I was puzzled by some of Slate critic David Edelstein’s choices for best films of the year, but no matter. Point is that he hit the bulls-eye when he said that Rodrigo Garcia’s Nine Lives, released earlier this year, “boasts the best performance of the year, by Robin Wright Penn as a very pregnant woman who bumps into her old flame in a supermarket. As she circles the store with her grocery cart, her face alternately flushed and ashen, it’s as if we’re looking directly into her soul.”
Woody Allen’s Match Point “is a champagne cocktail laced with strychnine,” observes New York Times critic A.O. Scott. “You would have to go back to the heady, amoral heyday of Ernst Lubitsch or Billy Wilder to find cynicism so deftly turned into superior entertainment. Mr. Allen’s accomplishment here is to fool his audience, or at least to misdirect us, with a tale whose gilded surface disguises the darkness beneath. Comparisons to Crimes and Misdemeanors are inevitable, since the themes and some elements of plot are similar, but the philosophical baggage in Match Point is more tightly and discreetly packed. It is the film’s brisk, chilly precision that makes it so bracingly pleasurable. The gloom of random, meaningless existence has rarely been so much fun, and Mr. Allen’s bite has never been so sharp, or so deep. A movie this good is no laughing matter .”
Legend has it there’s a significant clue at the very end of Michael Haneke’s Cache (Sony Pictures Classics, 1.11.06)…some kind of visual tipoff about who’s behind the stealth videotaping of Daniel Auteuil and Juliette Binoche’s home, lives, histories, etc. Esquire film writer Mike D’Angelo mentions the clue in a current piece. The clue has something to do with the son of a certain ill-fated Algerian character seen talking to a guy named Pierrot (Lester Makedonsky). Or maybe something to do with a black car driving by three times, or a blue station wagon…I’m a little hazy on the details. Anyone who’s seen Cache (also known as Hidden) knows the motive for the tapings has something to do with shameful French treatment of Algerians in the early ’60s. Cache star Daniel Autiel allegedly told a gathering at the London Film Festival several weeks ago that he’d seen the film three times and didn’t know where the tapes had come from either and neither to his knowledge did Haneke. This film isn’t a whodunit anyway.

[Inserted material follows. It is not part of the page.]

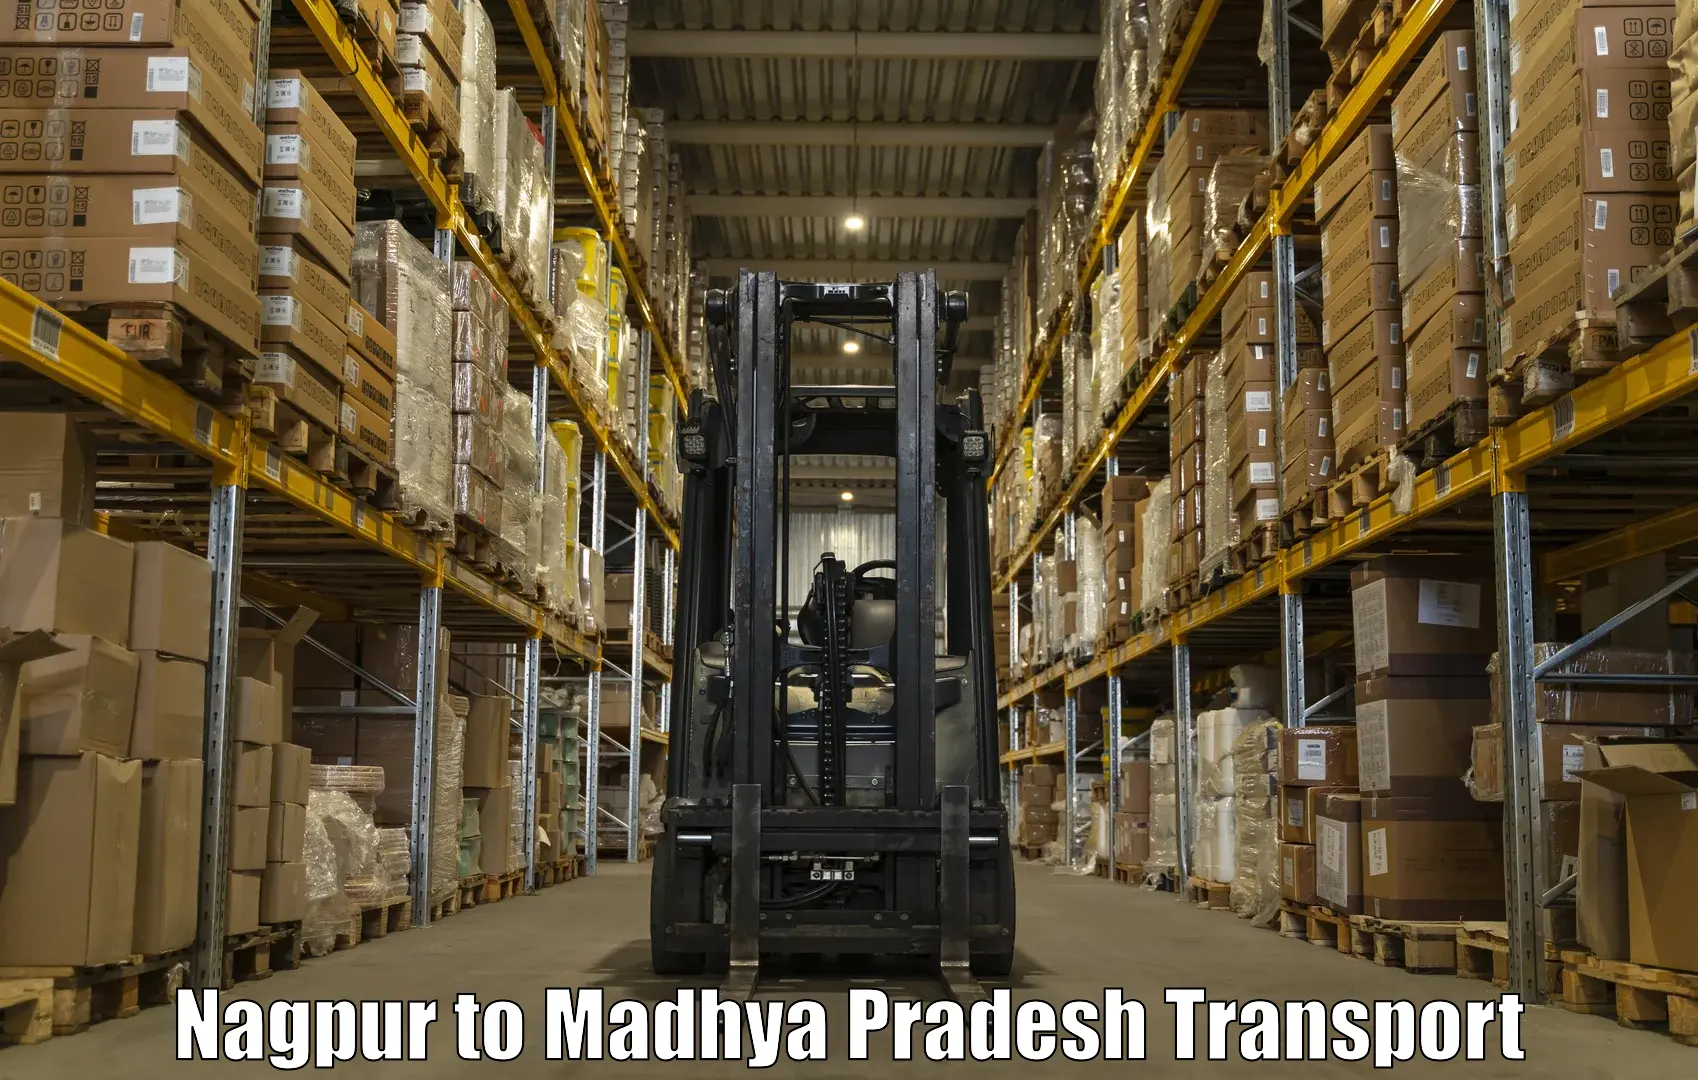 Transport bike from one state to another Nagpur to Madhya Pradesh

I don’t know what to call it but it’s way too smart to be concerned with matters of culpability. It’s more into arty obfuscation.
A whole lotta noteworthy critics have submitted their Top Ten films of ’05 lists to Movie City News, and Capote is third-ranked with 242 points, only 8 and 1/2 points behind the second-ranked A History of Violence with 255.5 points. (Top-ranked Brokeback Mountain is way in front with 299.5 points.) Good Night, and Good Luck (212 points) and King Kong (191.5 points) are fourth and fifth-ranked. But if you look at Rotten Tomatoes, which posts another critical ranking system, Capote has the 2nd highest general rating among these five (92%) and the only unani- mous creme de la creme rating (100%) for a tally of 192. The other four’s RT ratings, highest to lowest: Good Night (95% general, creme 95% = 190), Violence (86% general, 94% creme = 180), Brokeback (90% general, 90% creme = 180), and Kong (83% general, 76% creme = 159). What does this mean? Nothing much…who cares what the critics think?…but maybe (and I think the conclusion is obvious) Academy members should guard against considering Capote in a casual light.